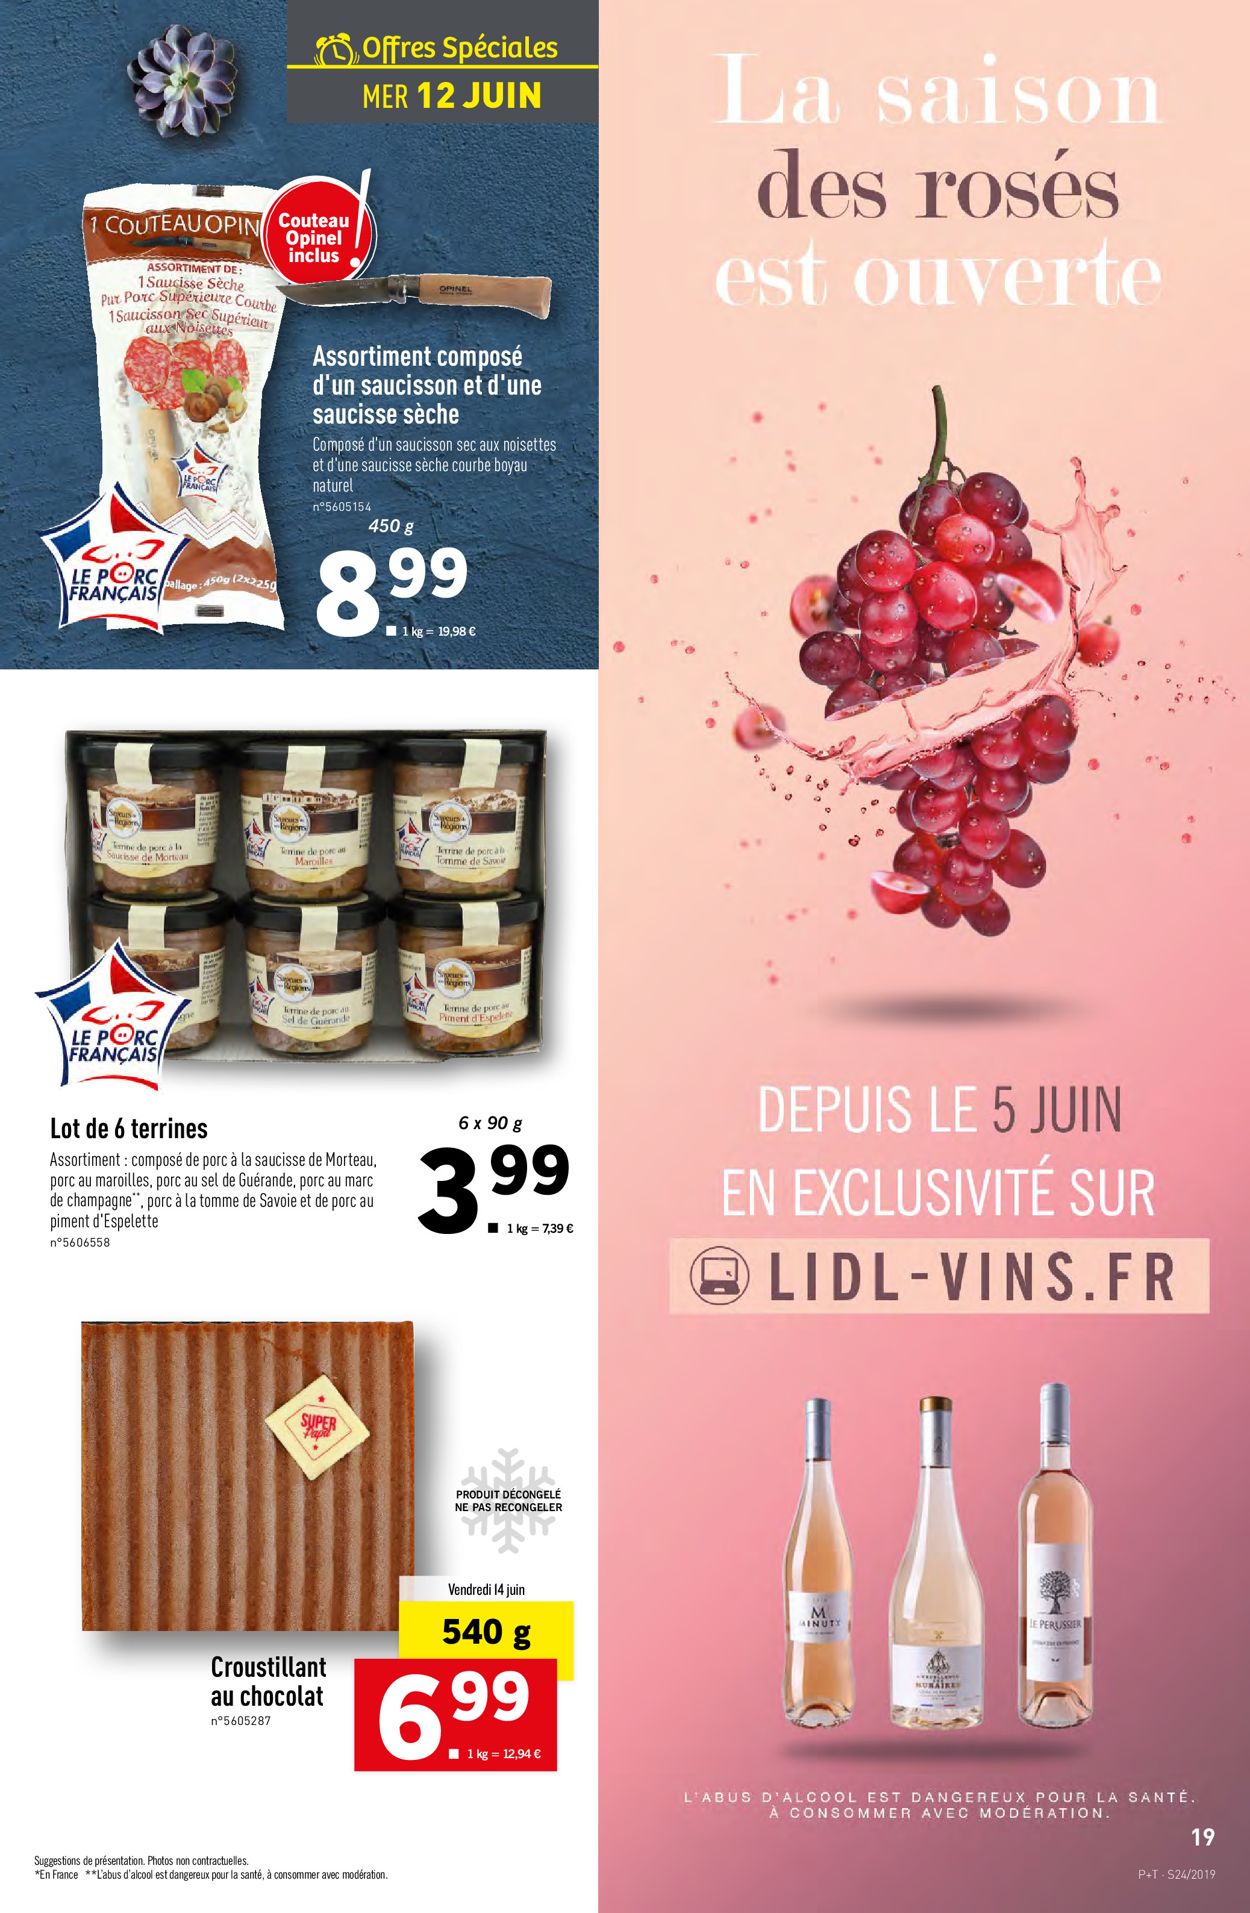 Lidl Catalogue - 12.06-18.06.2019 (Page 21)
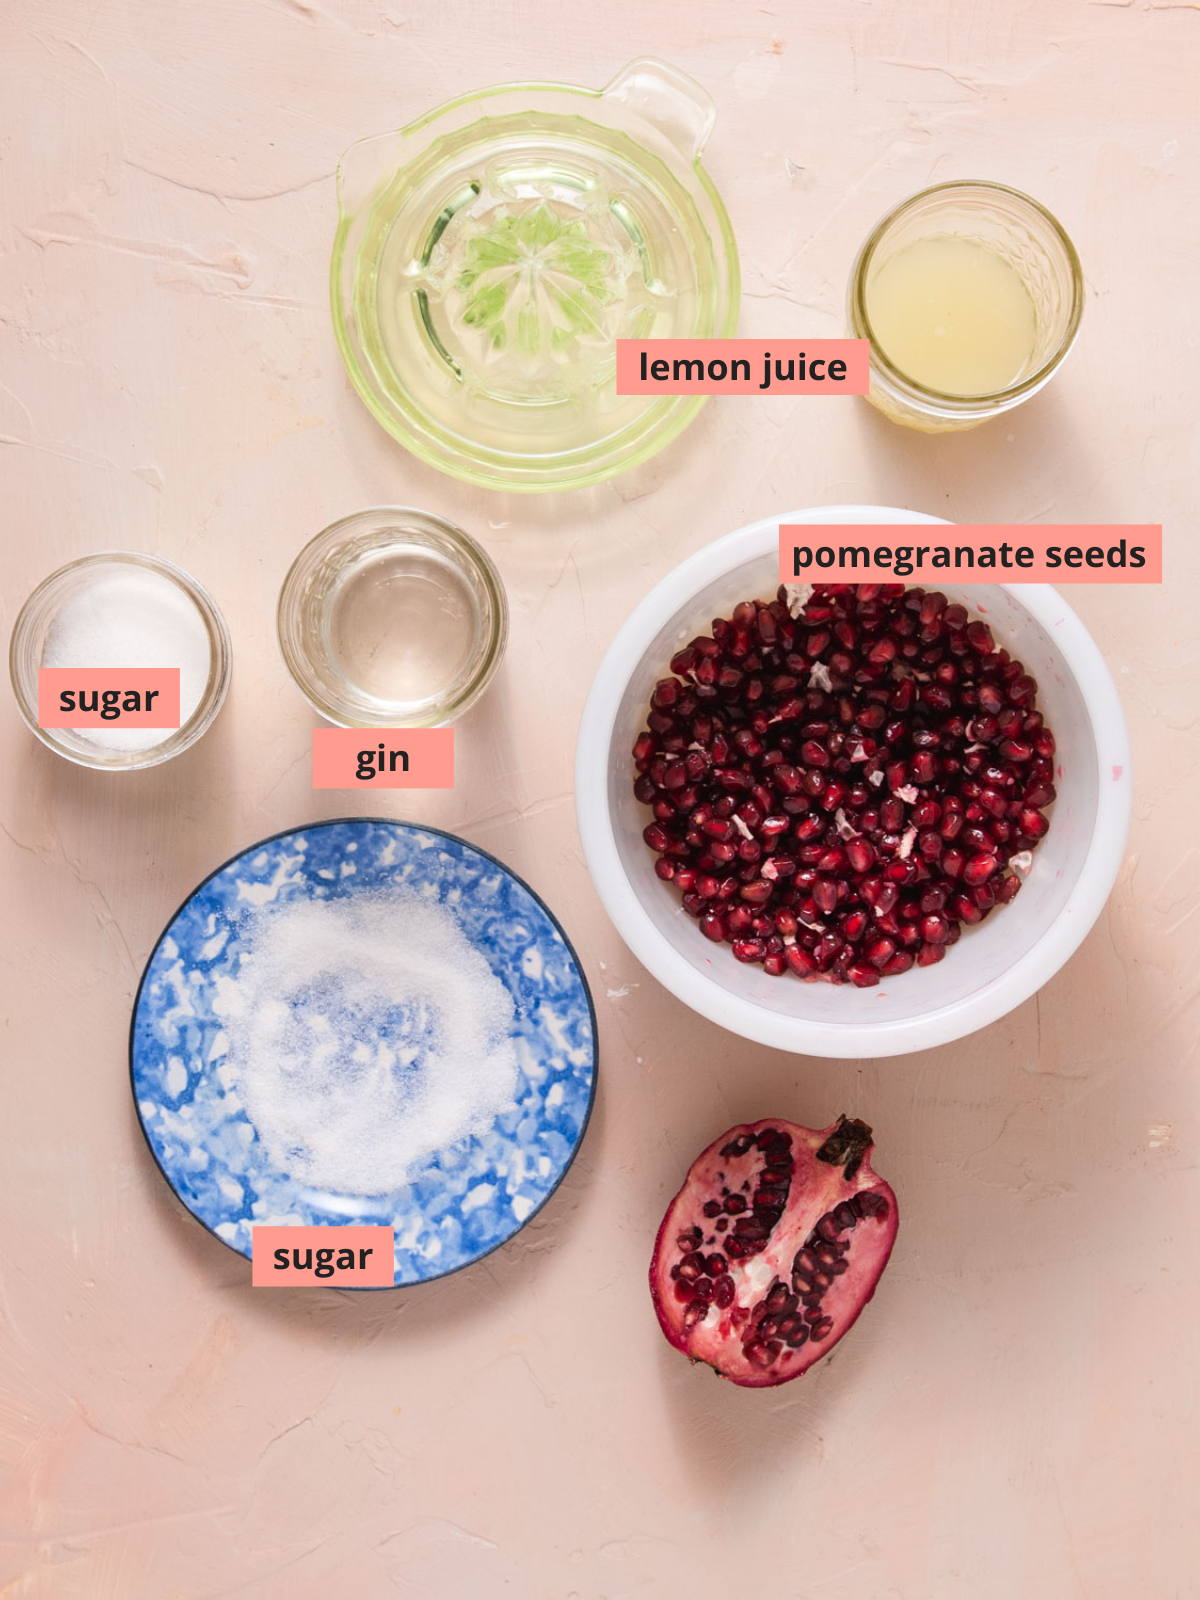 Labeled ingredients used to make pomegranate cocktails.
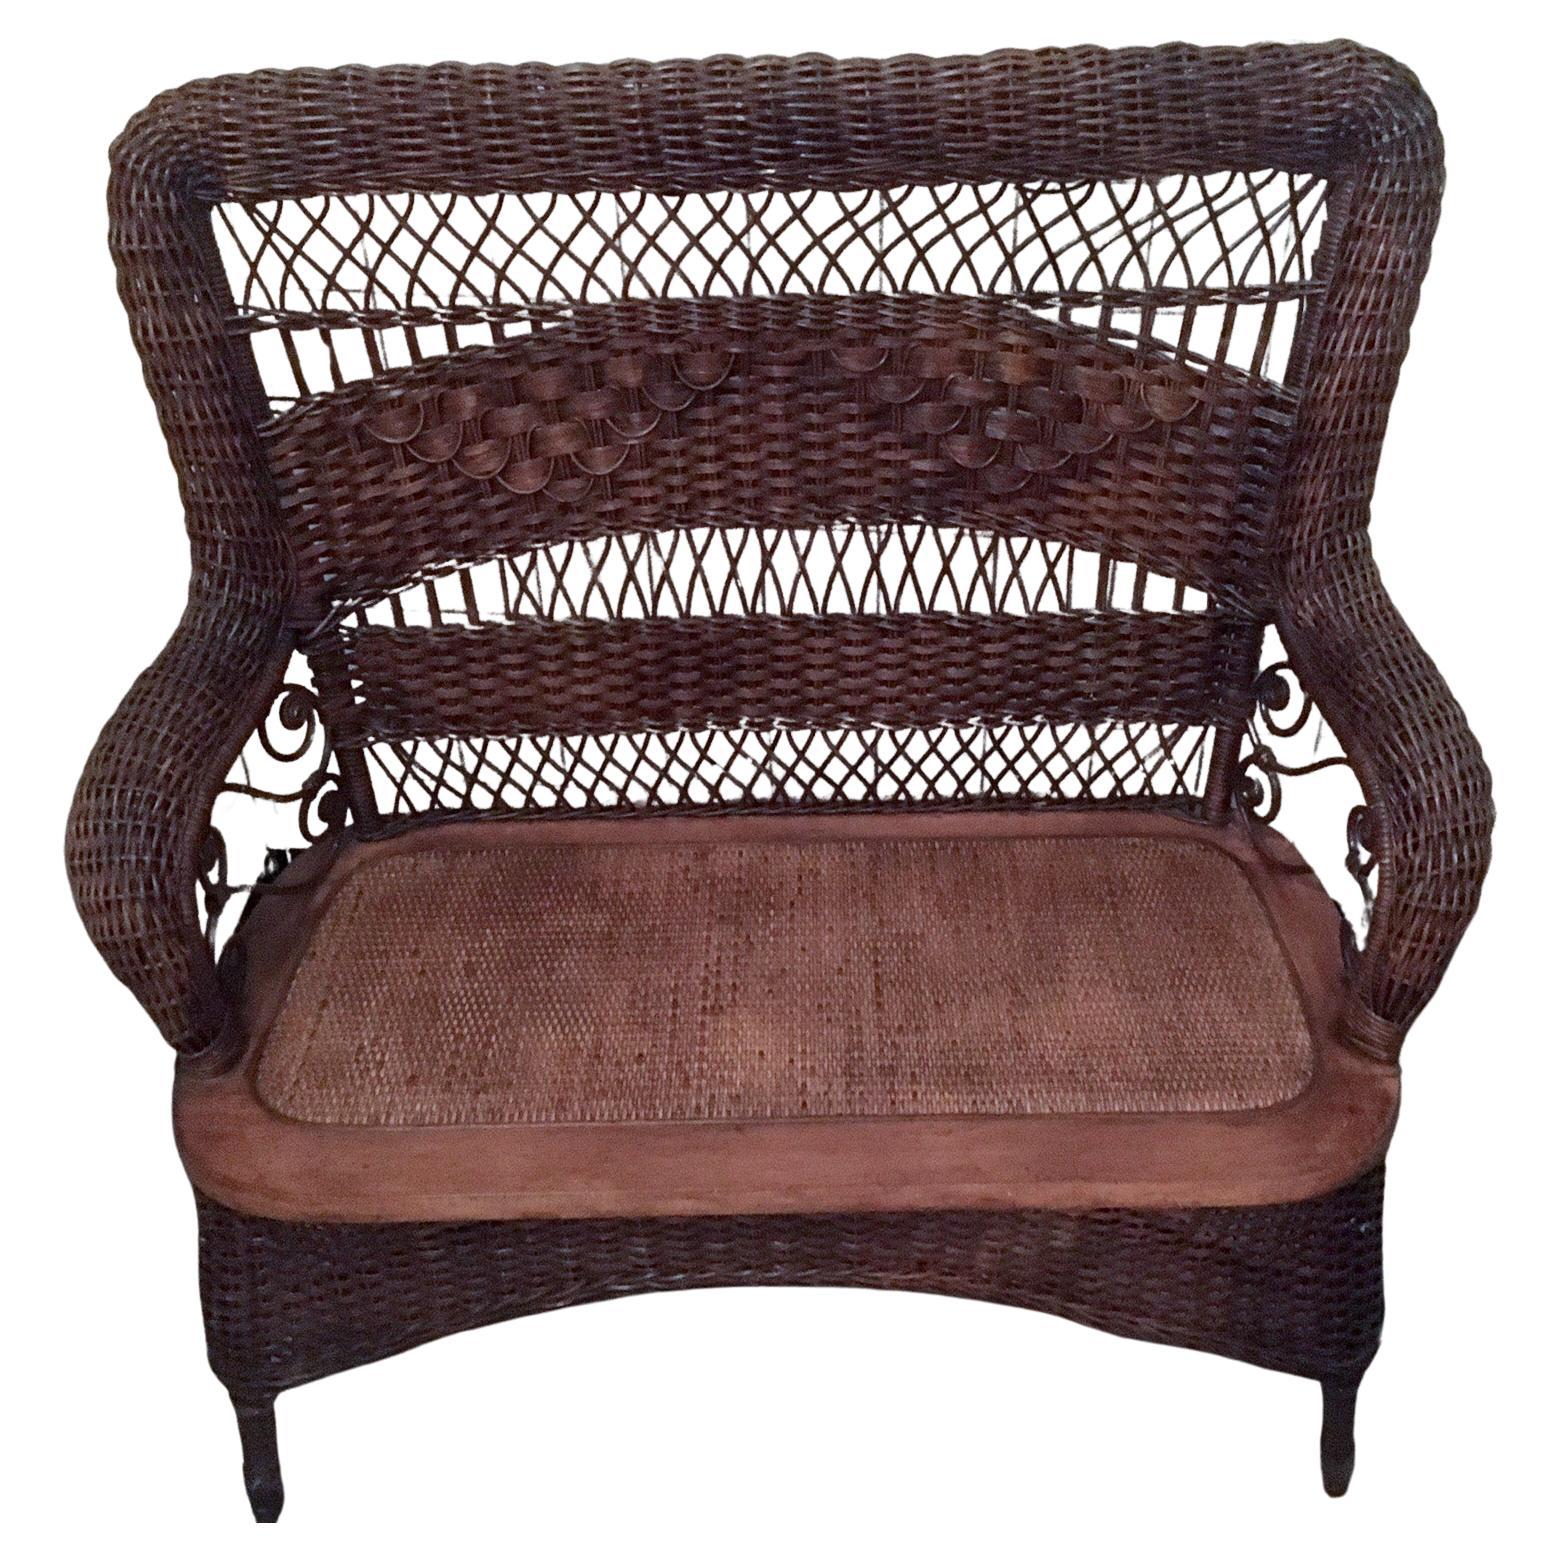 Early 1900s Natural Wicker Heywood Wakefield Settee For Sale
# # # # #
| Problem to work on |
For this exercise, give the listing again exactly as written, with the pictures omitted.

| Answer box |
 Lidl Catalogue - 12.06-18.06.2019 (Page 21)
 Labeled ingredients used to make pomegranate cocktails.
 Early 1900s Natural Wicker Heywood Wakefield Settee For Sale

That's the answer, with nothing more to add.